Too big to fail?
Are US asset management firms ‘too big to fail’? In other words, do they represent systemic risks similar to those posed by the largest banks, so much that they must be subject to ‘enhanced’ supervision? Asset managers are already under the supervision of the Securities and Exchange Commission (SEC), and they claim to be the most transparent and controlled financial institutions. But the largest are in danger of becoming like three non-banks that have already been classified as “systemically important”: American International Group, General Electric Capital and Prudential Financial.
The Treasury Department’s Office of Financial Research (OFR) raised the issue two months ago with its report Asset Management and Financial Stability, prepared for the Financial Stability Oversight Council (FSOC), the top regulator created by the Dodd-Frank Wall Street Reform and the Consumer Protection Act in 2010. Now the FSOC is reviewing the OFR study and the potential next steps, the most likely of which is the request for more data from asset managers, especially about separate accounts created for wealthy individuals and institutional investors.
The FSOC will now take into account comments that the SEC has received from asset managers. Some of the remarks have been scathing. For example, as Federated Investors defined the OFR report as “misleading and inaccurate”, while the Investment Company Institute (ICI) insisted that “designation as systemically important financial institutions… is not an appropriate regulatory tool for addressing risks, if any, that registered funds or their advisers might raise regarding financial stability”.
However the issue is not going away because, before OFR, other authorities – such as the US Federal Reserve and the international Financial Stability Board (FSB) – had pointed to asset managers as part of the “shadow banking system”, the network of financial institutions that act like banks (engaging in credit intermediation) but are not supervised like banks.
“Some types of asset-management activities are similar to those provided by banks and other non-bank financial companies, and increasingly cut across the financial system in a variety of ways,” the OFR report says.
The study identifies four factors that make the asset management industry vulnerable to financial shocks: “Reaching for yield” and herding behaviours; redemption risk in collective investment vehicles; leverage, which can amplify asset-price movements and increase the potential for fire sales; and firms as sources of risk.
The risks are amplified by the size and high level of concentration of the $53trn (€39trn) asset management industry, according to OFR.

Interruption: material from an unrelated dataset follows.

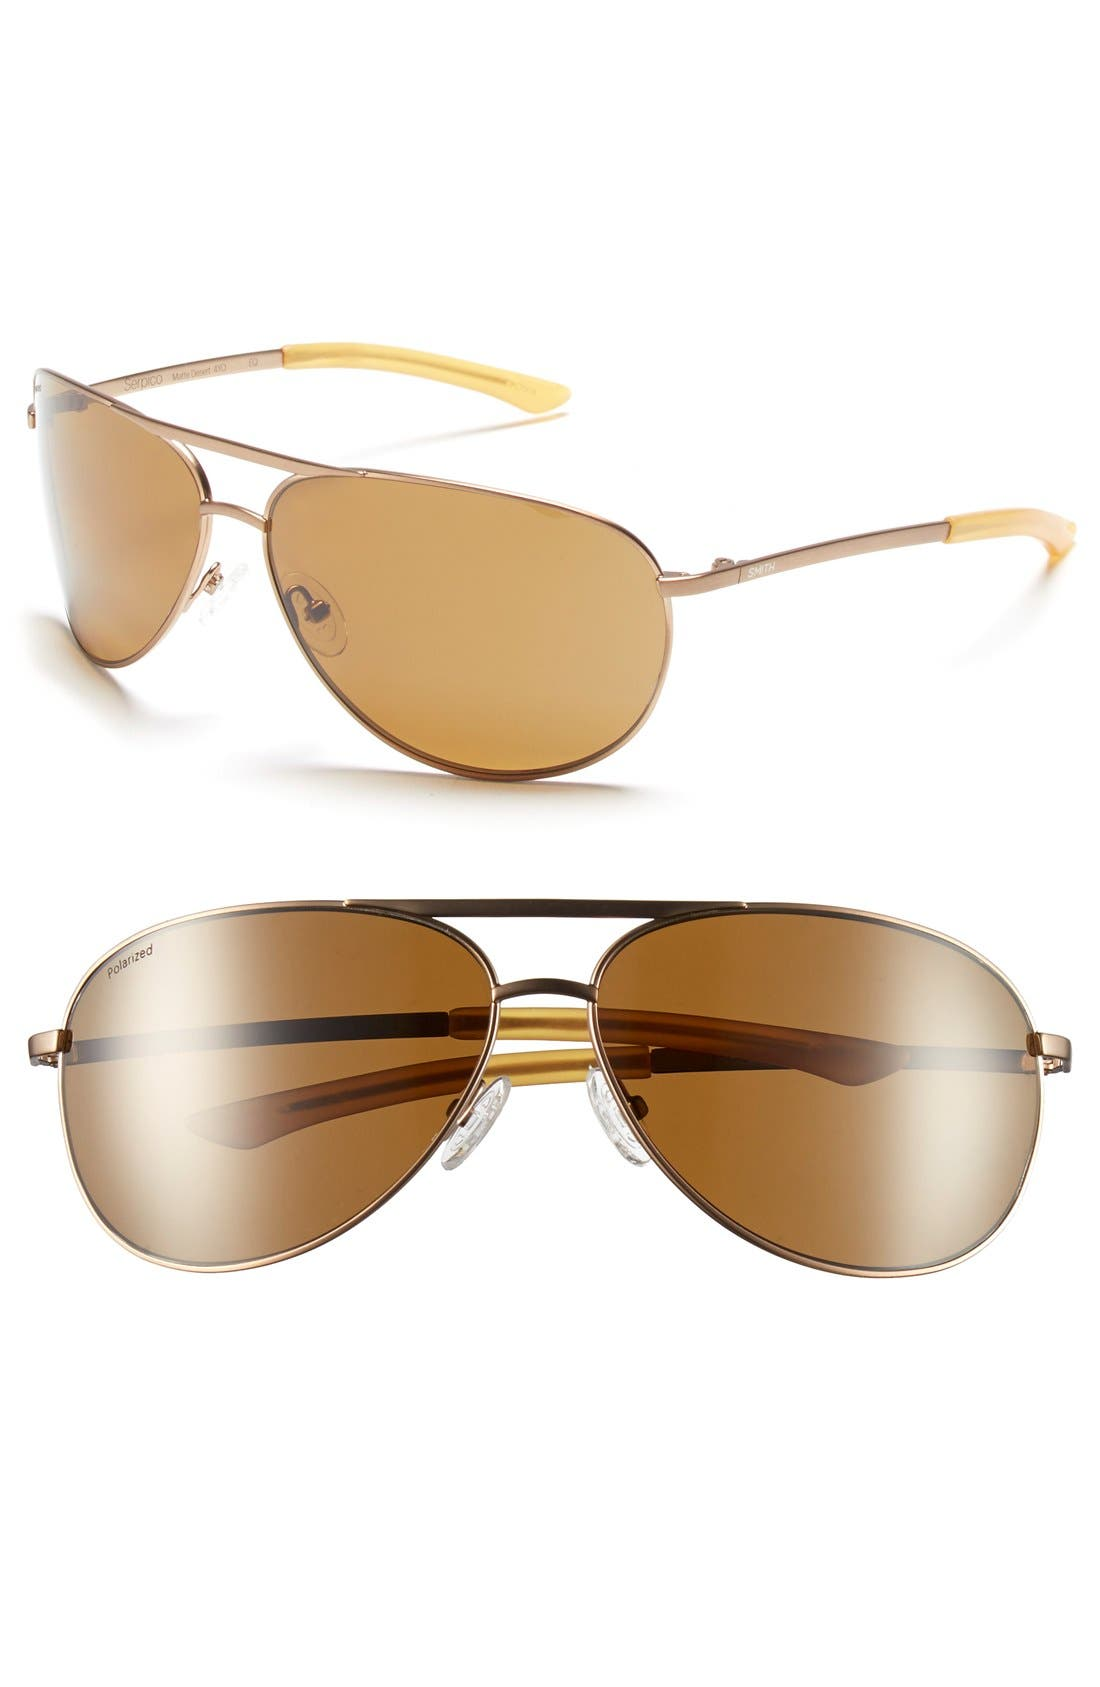 Alternate Image 1 Selected - Smith Optics 'Serpico' 66mm Polarized Sunglasses

It is true that asset managers invest money for clients who bear the losses, but they also perform activities at the firm level, the OFR report emphasises, “including securities trading, derivatives trading, securities lending, and repo transactions”. Repos and securities lending, in particular, are forms of borrowing but data about these activities are inadequate. There is a lack of information about the health of asset managers’ trading counterparties in these activities that could become a source of financial instability.

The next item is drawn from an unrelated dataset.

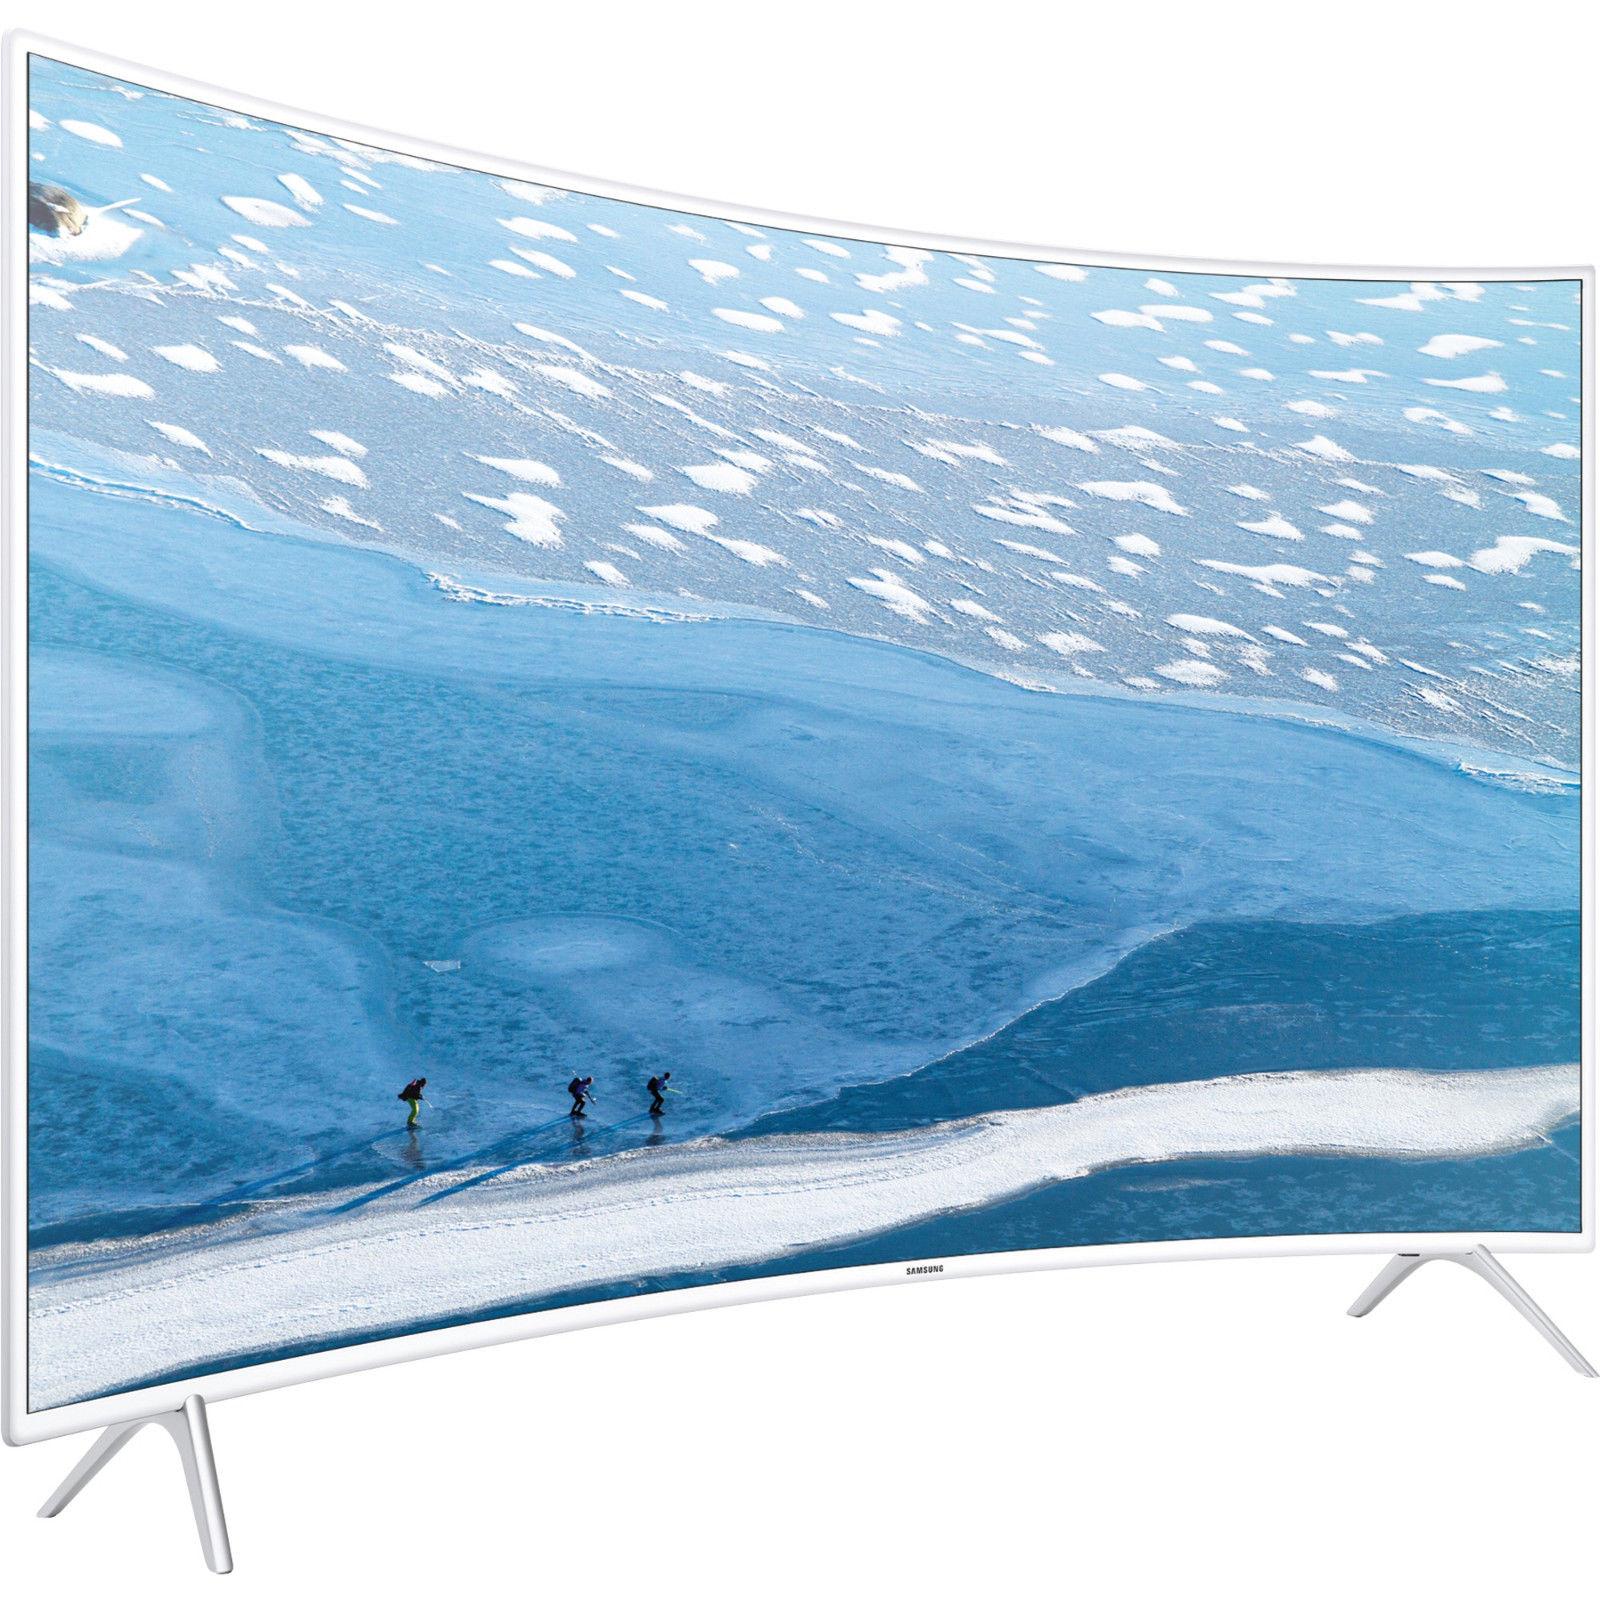 Samsung UE-49KU6510 49 Zoll Curved UHD LED Smart TV Triple Tuner PQI 1600

“During a period of market stress in which funding liquidity is drying up, firms with large repo books and an array of interconnections may have difficulty unwinding clients’ investments quickly,” the OFR points out. “Because such a situation could dislocate markets and heighten fire-sale risk, data on repo activity are critical to monitoring developments that could indicate stress. Currently, many repo transactions can be monitored only indirectly.”
Another opaque area of the industry is in “separate accounts” according to the OFR: “The top five asset management companies alone manage $5.5trn in separate accounts. Data about the types of assets held in these accounts, their counterparty and other risk exposures, and amounts of leverage are limited. As a result, supervisors today are unable to fully assess the nature or extent of any financial stability risks that could be amplified or transmitted by the activities of these accounts.”

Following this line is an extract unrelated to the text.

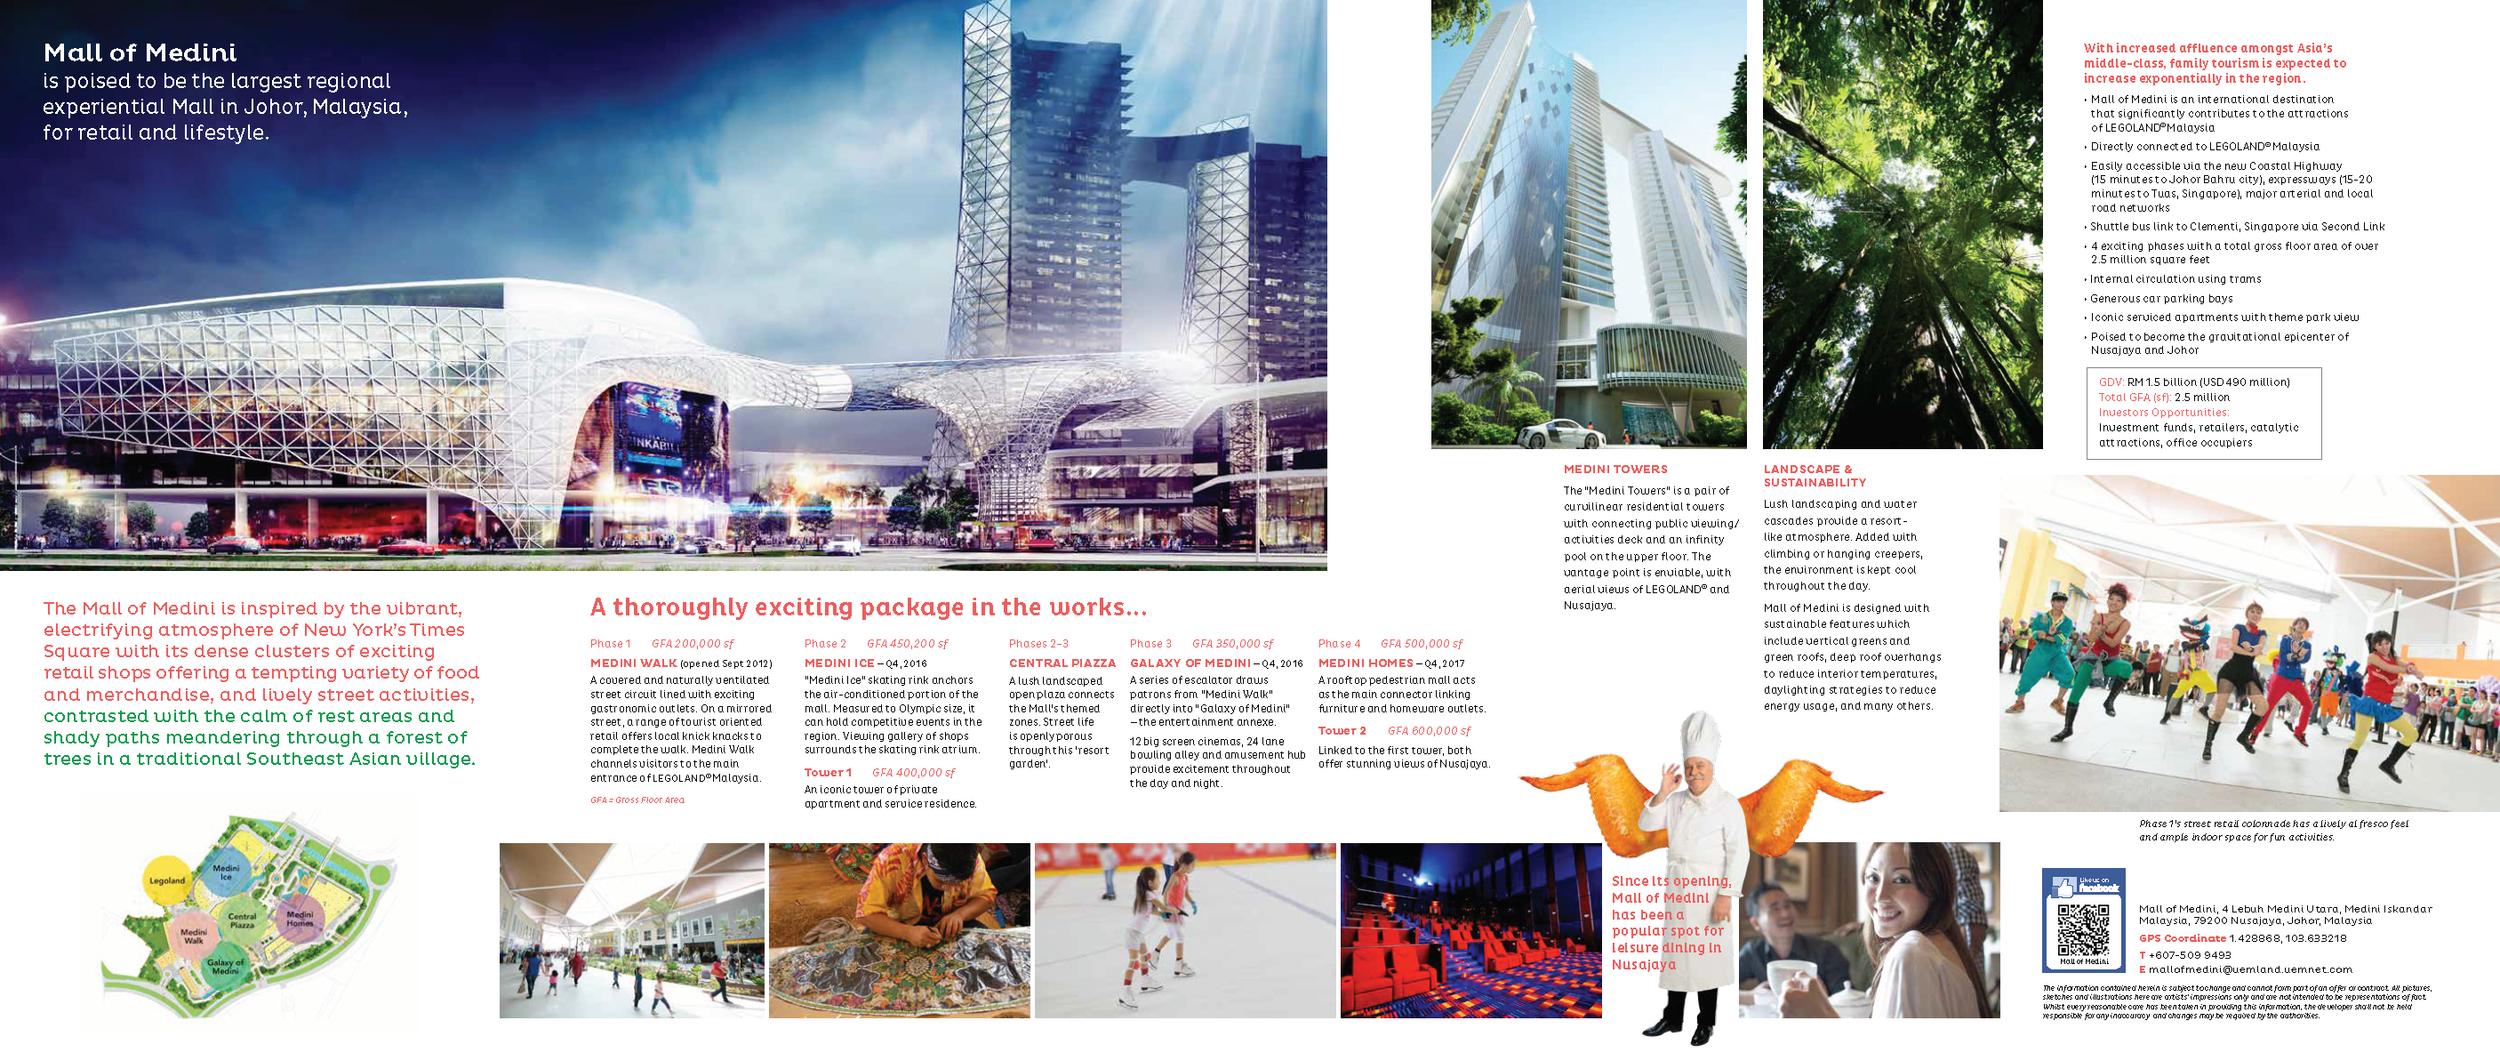 Mall of Medini promotional leaflet.

Among clients with separate accounts are private pension plans, which are under the supervision of the Department of Labor, while the SEC controls the advisers. These regulators “do not routinely collect information about separate account holdings, leverage, risk exposures, or liquidity” the OFR report states. It suggests “filling gaps in these data for better macro prudential monitoring of related risks”.
The FSOC has no deadline to make any decision.